## WHAT YOU SHOULD DO
Going from the top of the listing below to the line that holds "Benefit Precisely, My", reproduce each line exactly; no pictures.

## SUPPLIED DATA
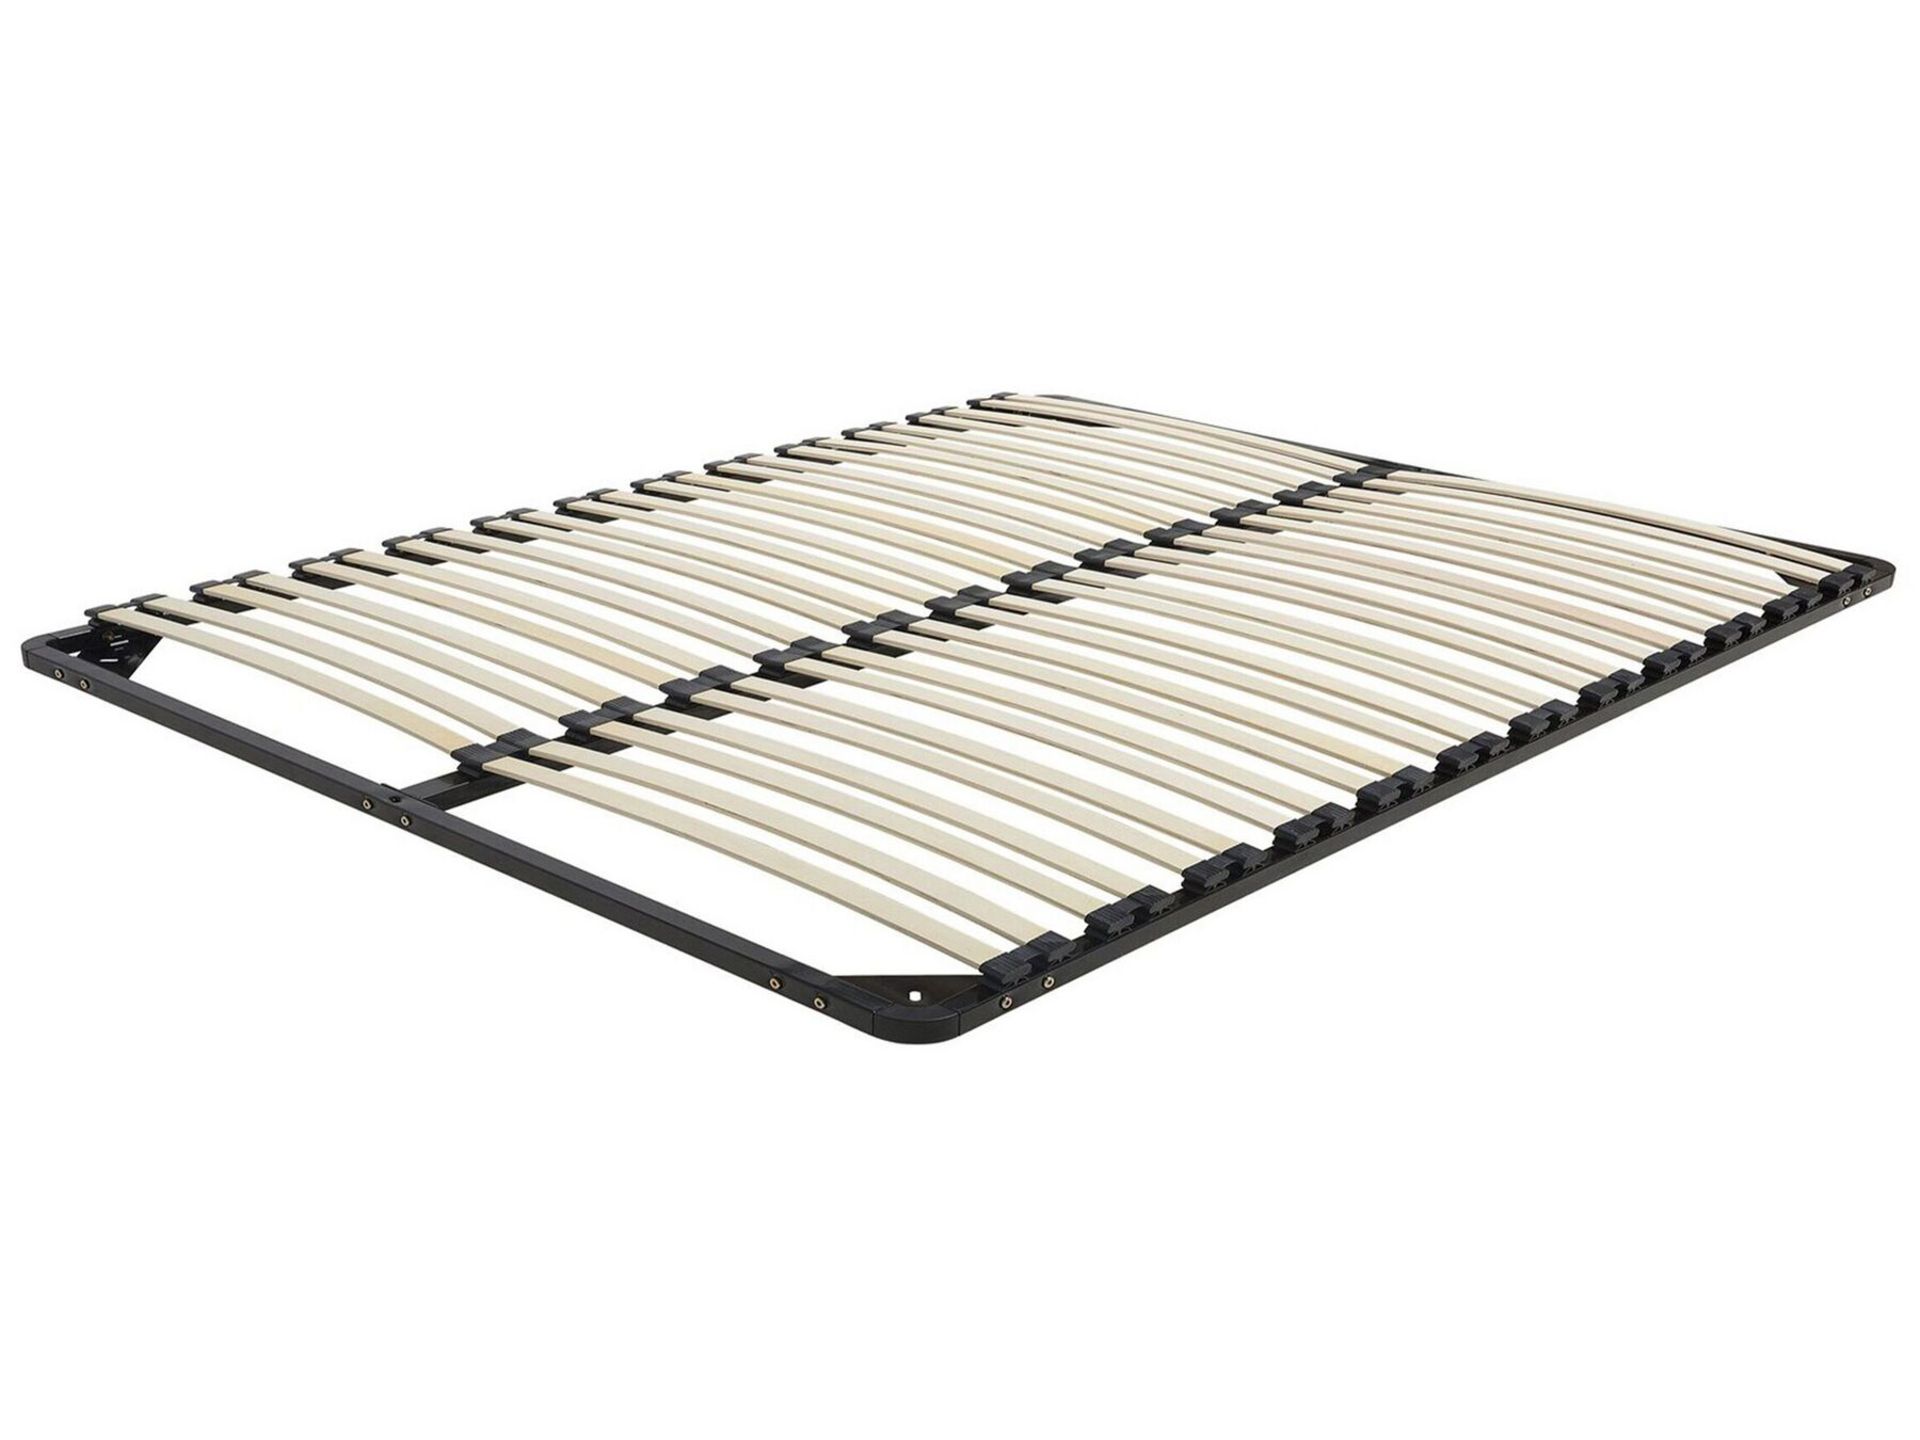 Combourg Double Slatted Bed Base. - R13a.6/7. RRP £439.99. Ensure your sleep is comfortable and
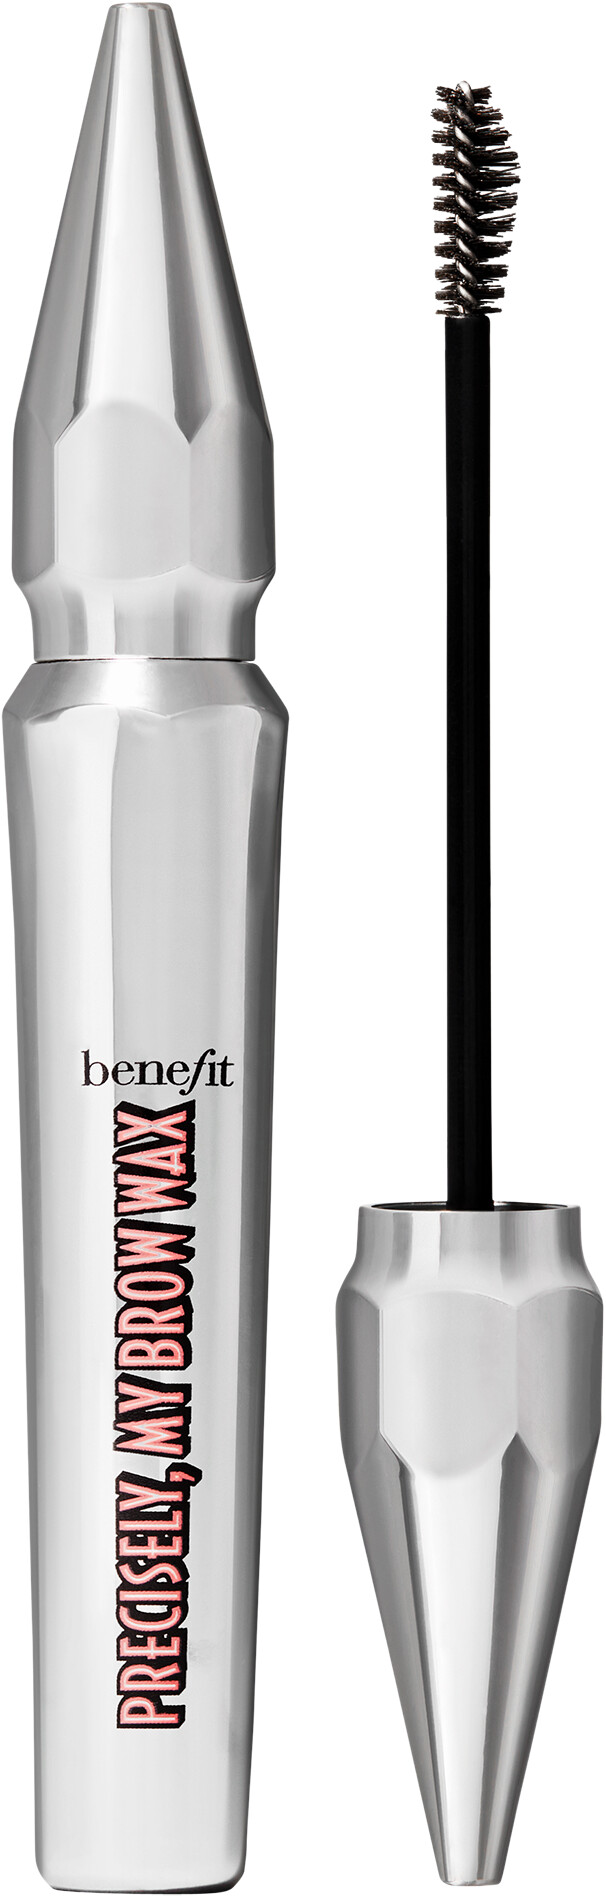 Benefit Precisely, My Brow Wax Full-Pigment Sculpting Brow Wax 5g 6 - Cool Soft Black
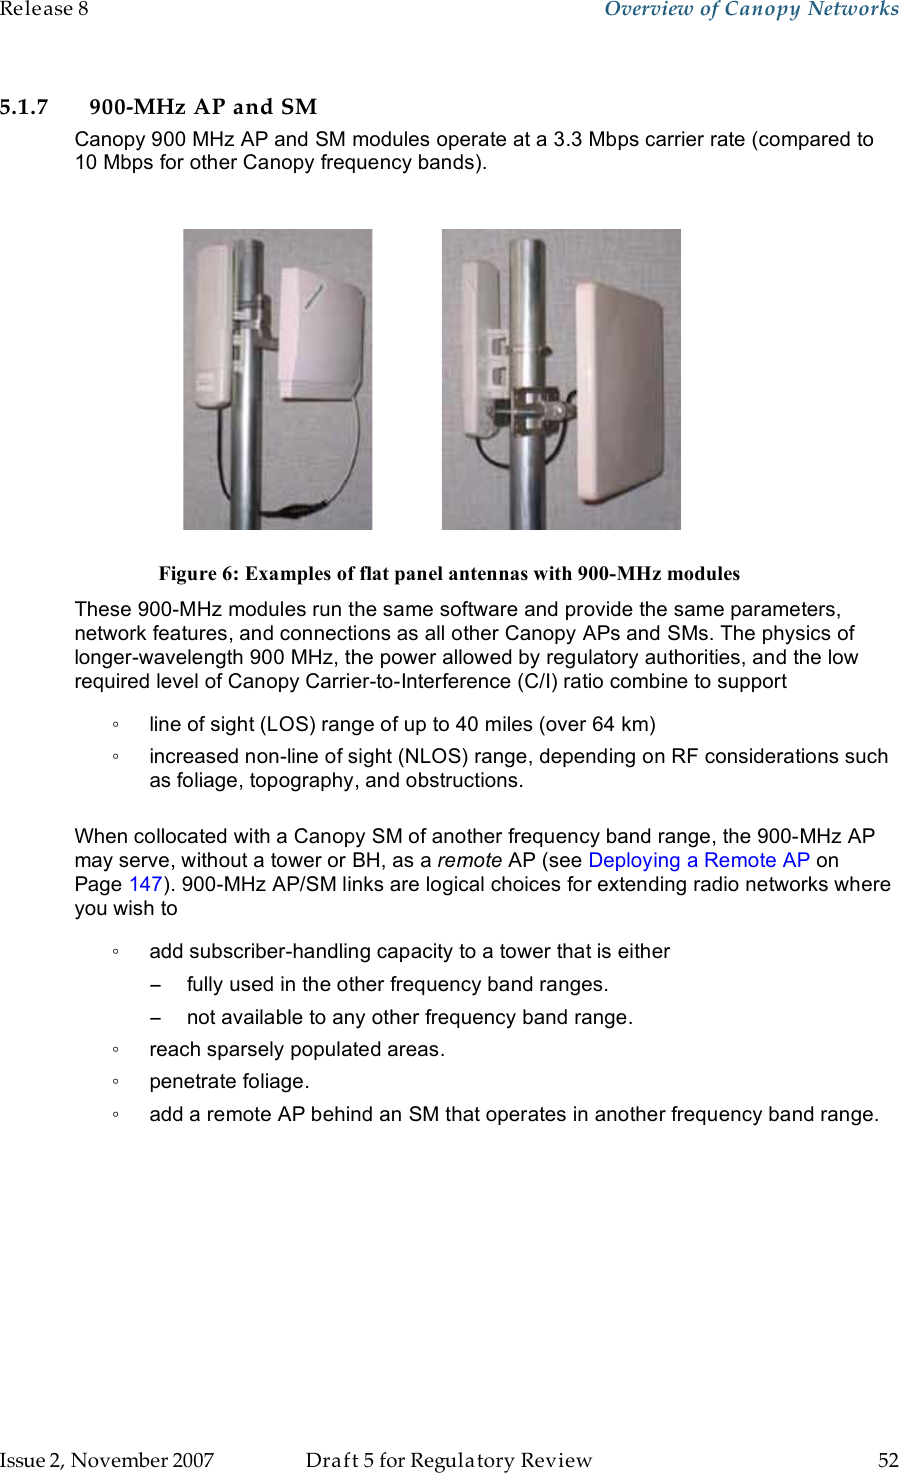 Release 8    Overview of Canopy Networks                  March 200                  Through Software Release 6.   Issue 2, November 2007  Draft 5 for Regulatory Review  52     5.1.7 900-MHz AP and SM Canopy 900 MHz AP and SM modules operate at a 3.3 Mbps carrier rate (compared to 10 Mbps for other Canopy frequency bands).     Figure 6: Examples of flat panel antennas with 900-MHz modules These 900-MHz modules run the same software and provide the same parameters, network features, and connections as all other Canopy APs and SMs. The physics of longer-wavelength 900 MHz, the power allowed by regulatory authorities, and the low required level of Canopy Carrier-to-Interference (C/I) ratio combine to support ◦  line of sight (LOS) range of up to 40 miles (over 64 km) ◦  increased non-line of sight (NLOS) range, depending on RF considerations such as foliage, topography, and obstructions.  When collocated with a Canopy SM of another frequency band range, the 900-MHz AP may serve, without a tower or BH, as a remote AP (see Deploying a Remote AP on Page 147). 900-MHz AP/SM links are logical choices for extending radio networks where you wish to ◦  add subscriber-handling capacity to a tower that is either −  fully used in the other frequency band ranges. −  not available to any other frequency band range. ◦  reach sparsely populated areas. ◦  penetrate foliage. ◦  add a remote AP behind an SM that operates in another frequency band range.

## SOLUTION TO THE EXERCISE
 Combourg Double Slatted Bed Base. - R13a.6/7. RRP £439.99. Ensure your sleep is comfortable and
 Benefit Precisely, My Brow Wax Full-Pigment Sculpting Brow Wax 5g 6 - Cool Soft Black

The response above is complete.